Northern Ireland’s second-largest dairy processor, Lakeland Dairies, has reported that operating profits for 2016 were down more than 50% from €16.5m to €7.2m (£6.2m), on a group turnover of €601m.

According to Lakeland chief executive, Michael Hanley, the reduced profit was directly due to difficult dairy markets in 2016, and also the decision by the co-op to support milk price throughout the year to the tune of €16.5m.

The accounts also reveal details of the deal between Lakeland and Fane Valley from May 2016, when the decision was taken to purchase Armaghdown creameries outright, rather than to continue with the original plan of a joint venture between both companies.

In the end, the deal cost Lakeland €13.17m, not including a further €2.1m of restructuring costs (such as staff redundancies at the Armaghdown site in Banbridge).

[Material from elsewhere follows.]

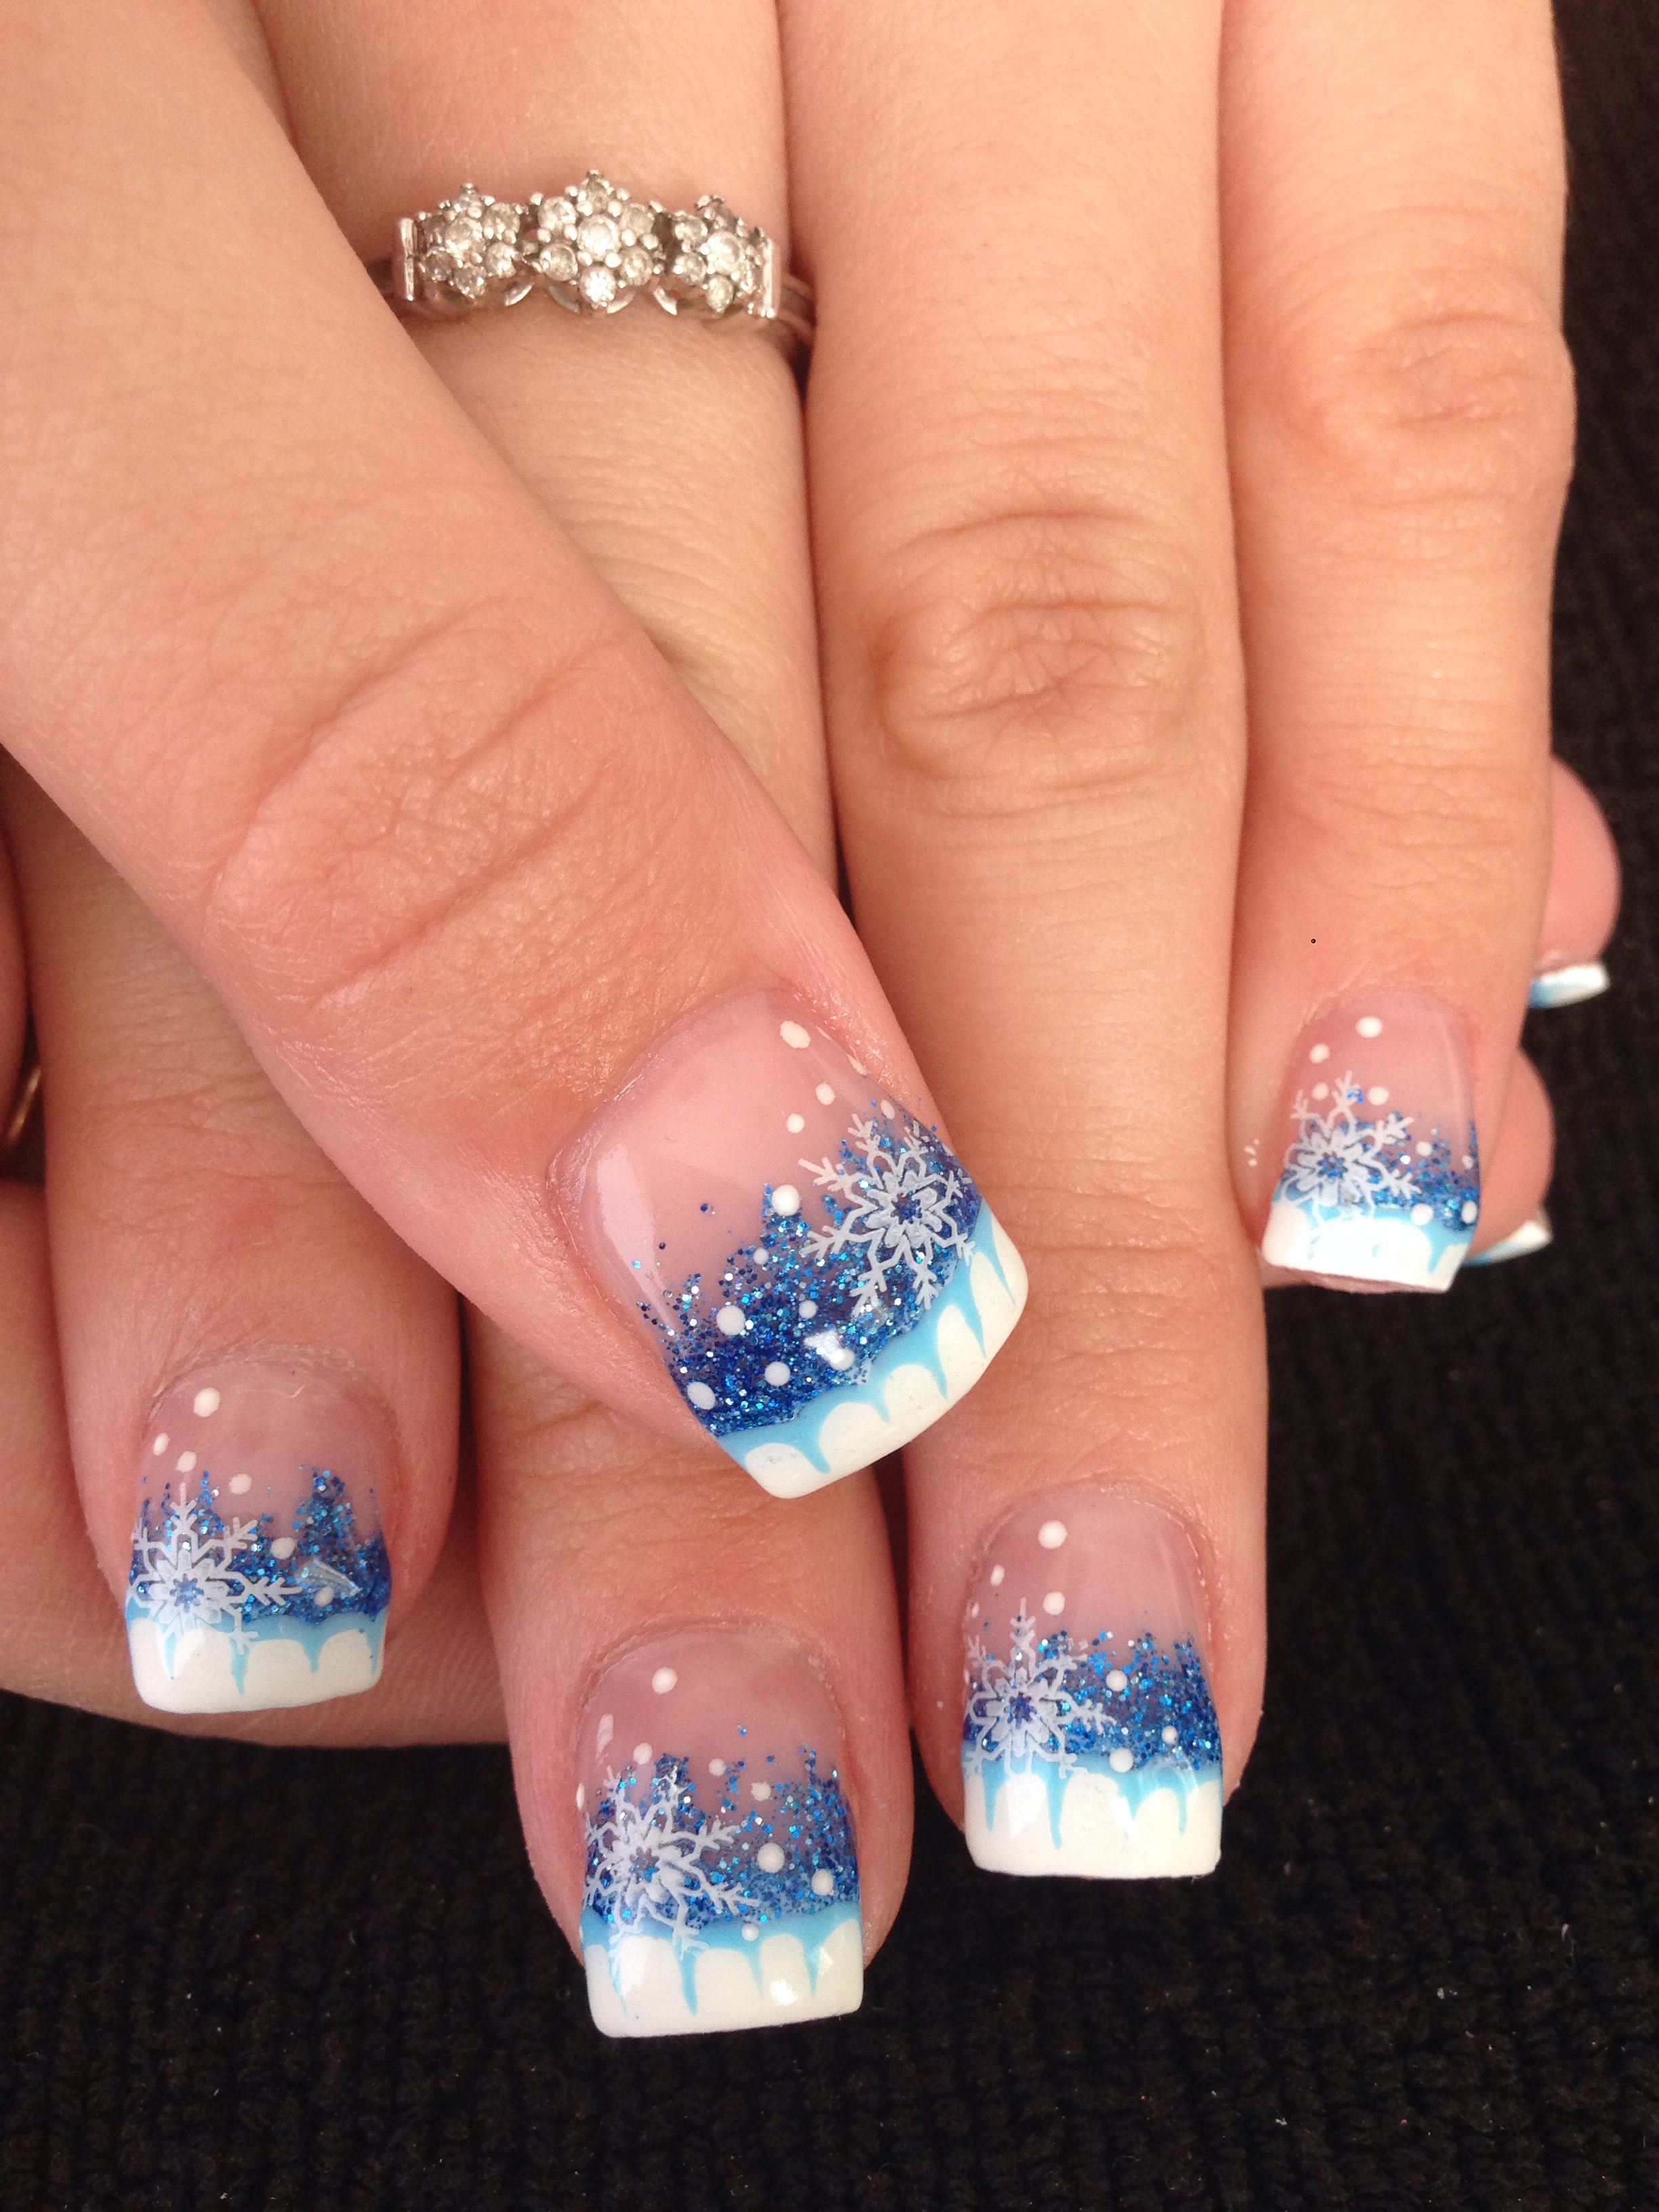 Winter gel nails with blue glitter and snowflake nail art design

In total, €6.42m was paid for fixed assets (around £5m using the prevailing exchange rate at the time), and €5.76m for the milk pool (around £4.43m).

That milk pool is estimated at aroun d 240m litres, meaning that of the total 1.1m litres processed by Lakeland, around half comes from NI.

Given recent major investment at Bailieborough in Cavan, around 80% of Lakeland’s milk is processed in the Republic of Ireland, with the remainder at Pritchitts in Newtownards. Of the estimated 600m litres that crosses the Irish border each year, around two-thirds of that is within the Lakeland pool.

With Brexit on the horizon, Lakeland has maintained its Banbridge site, and according to Michael Hanley it is ready to process milk at some point in the future, if required.

However, it is understood that the facility requires significant investment to bring it up to modern standards. In 2014, Fane Valley set out plans for a £15.6m investment, although that didn’t materialise.

The other potential solution to the border issue for Lakeland is possibly an EU scheme known as Inward Processing Relief. It allows a company to avoid any import duties where goods are brought into the EU (in this case ROI) for processing from outside the EU (in this case the UK), so long as the end product is sold back outside the EU (into the UK or another non-EU country).